Eiser is veroordeeld in de proceskosten, die aan de kant van Art Interim tot en met de datum van uitspraak zijn begroot op nihil. Het vonnis is uitgesproken door mr. F.J.P. Veenhof op de openbare terechtzitting van 30 november 2005.

Uitspraak

RECHTBANK HAARLEM
Sector kanton
Locatie Haarlem
zaak/rolnr.: 238967 / CV EXPL 04-5167
datum uitspraak: 30 november 2005
VONNIS VAN DE KANTONRECHTER
inzake
[eiser]
te [woonplaats]
eisende partij
hierna te noemen [eiser]
gemachtigde mr. R. Elbaz
tegen
de besloten vennootschap met beperkte aansprakelijkheid
ART INTERIM B.V.
te Haarlem
gedaagde partij
hierna te noemen Art Interim
gemachtigde mr. J.P. Koets.
De verdere beoordeling van het geschil
De kantonrechter volhardt bij hetgeen in het tussenvonnis van 12 januari 2005 en de rolbeschikking van 5 oktober 2005 is overwogen en beslist.
Bij de rolbeschikking is de zaak verwezen naar de rolzitting van 2 november 2005 voor uitlating door Art Interim over de door [eiser] bij akte gewijzigde vordering.
De gemachtigde van Art Interim heeft een uittreksel uit het handelsregister van de Kamer van Koophandel en Fabrieken voor Amsterdam in het geding gebracht, waarin met betrekking tot Art Interim staat vermeld:
Op 30-06-2005 is geregistreerd dat de ontbonden rechtspersoon is opgehouden te bestaan, omdat geen bekende baten meer aanwezig zijn met ingang van 28 juni 2005.
Op 30-06-2005 is geregistreerd dat de onderneming ten gevolge van faillissement is opgeheven met ingang van 28-06-2005.
Dit betekent dat Art Interim ten tijde van het aanhangig maken van dit geding nog bestond, maar tijdens de procedure is ontbonden en is opgehouden te bestaan. Art Interim kan derhalve niet meer in rechte optreden. Gelet hierop kan [eiser] niet worden ontvangen in zijn vordering.
Ten overvloede wijst de kantonrechter erop dat iedere gerechtigde tot mogelijk toch aanwezig vermogen van Art Interim op grond van artikel 2:23c BW heropening van de vereffening van het vermogen van Art Interim kan verzoeken. Als dat verzoek wordt gehonoreerd zal Art Interim voor de afwikkeling van de vereffening weer voortbestaan.
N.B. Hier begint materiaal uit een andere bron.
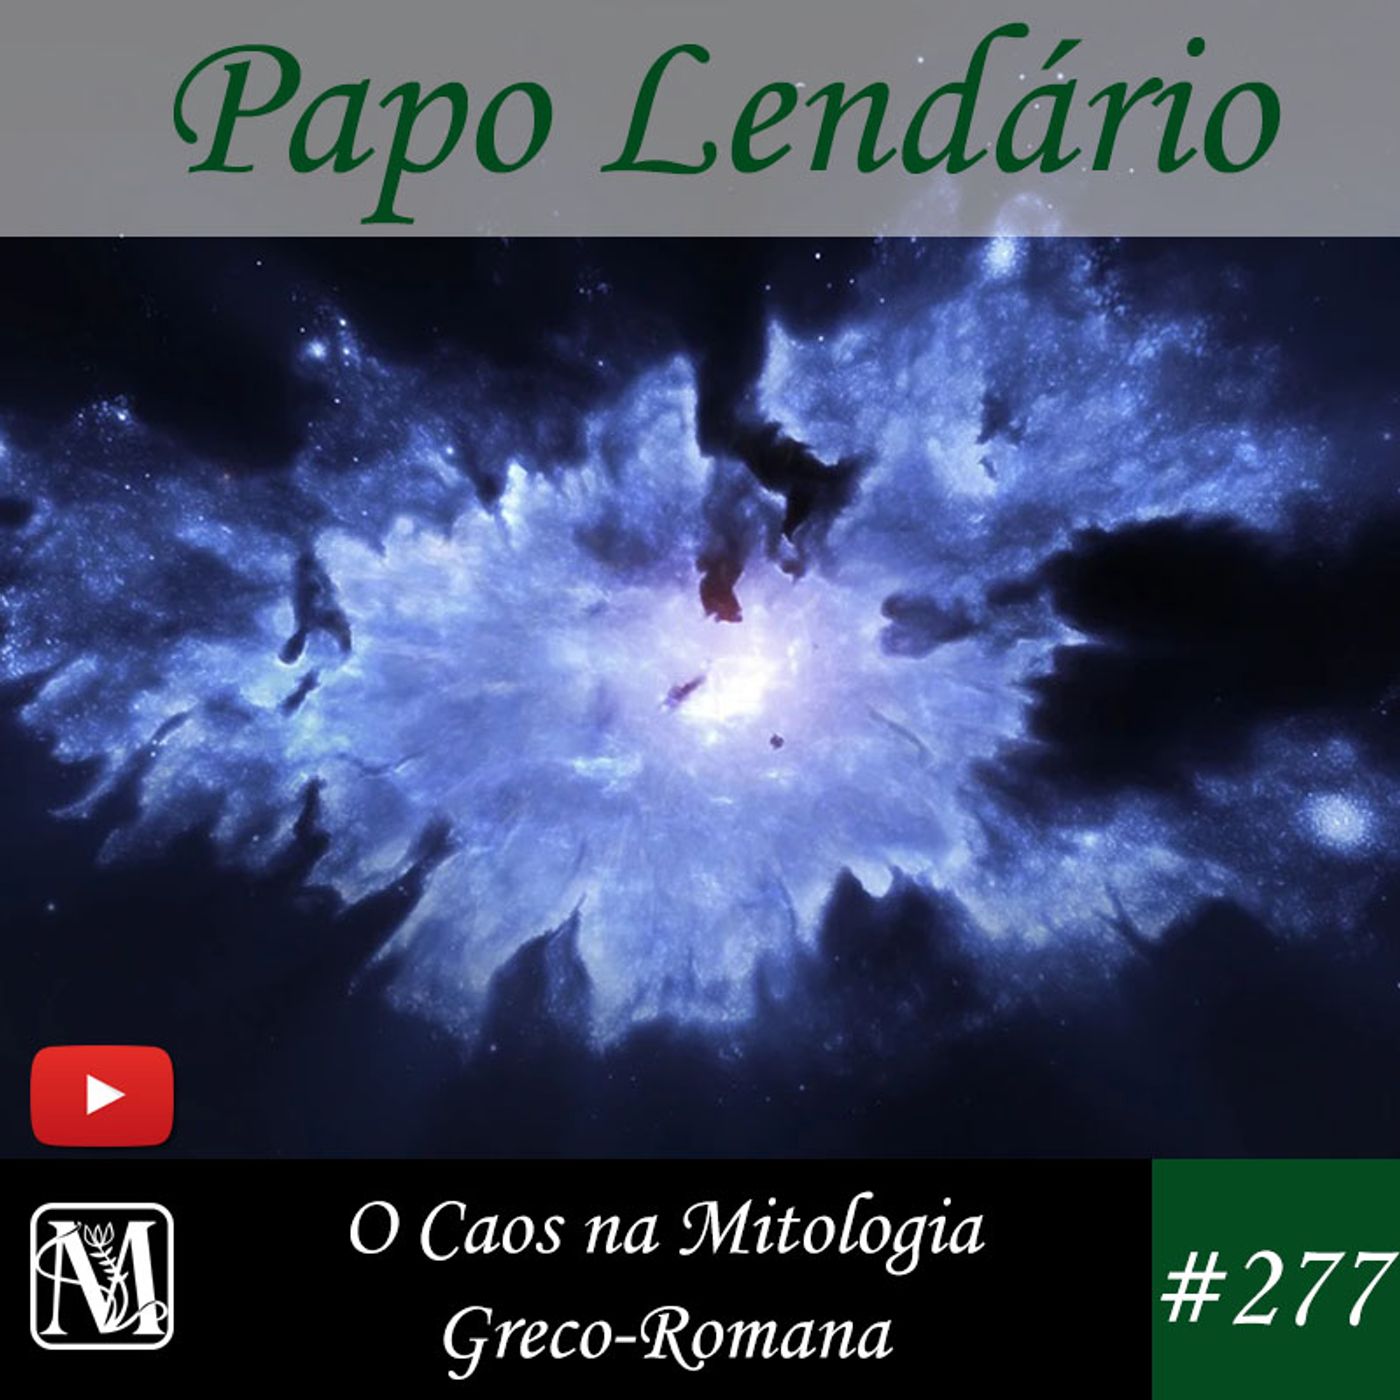 Papo Lendário #277 - O Caos na Mitologia Greco-Romana

[eiser] zal als partij die in dit geding niet-ontvankelijk is in de proceskosten worden veroordeeld.
Beslissing
De kantonrechter:
- verklaart [eiser] niet-ontvankelijk;
- veroordeelt [eiser] tot betaling van de proceskosten, die aan de kant van Art Interim tot en met vandaag worden begroot op nihil.
Dit vonnis is gewezen door mr. F.J.P. Veenhof en uitgesproken op de openbare terechtzitting van bovengenoemde datum.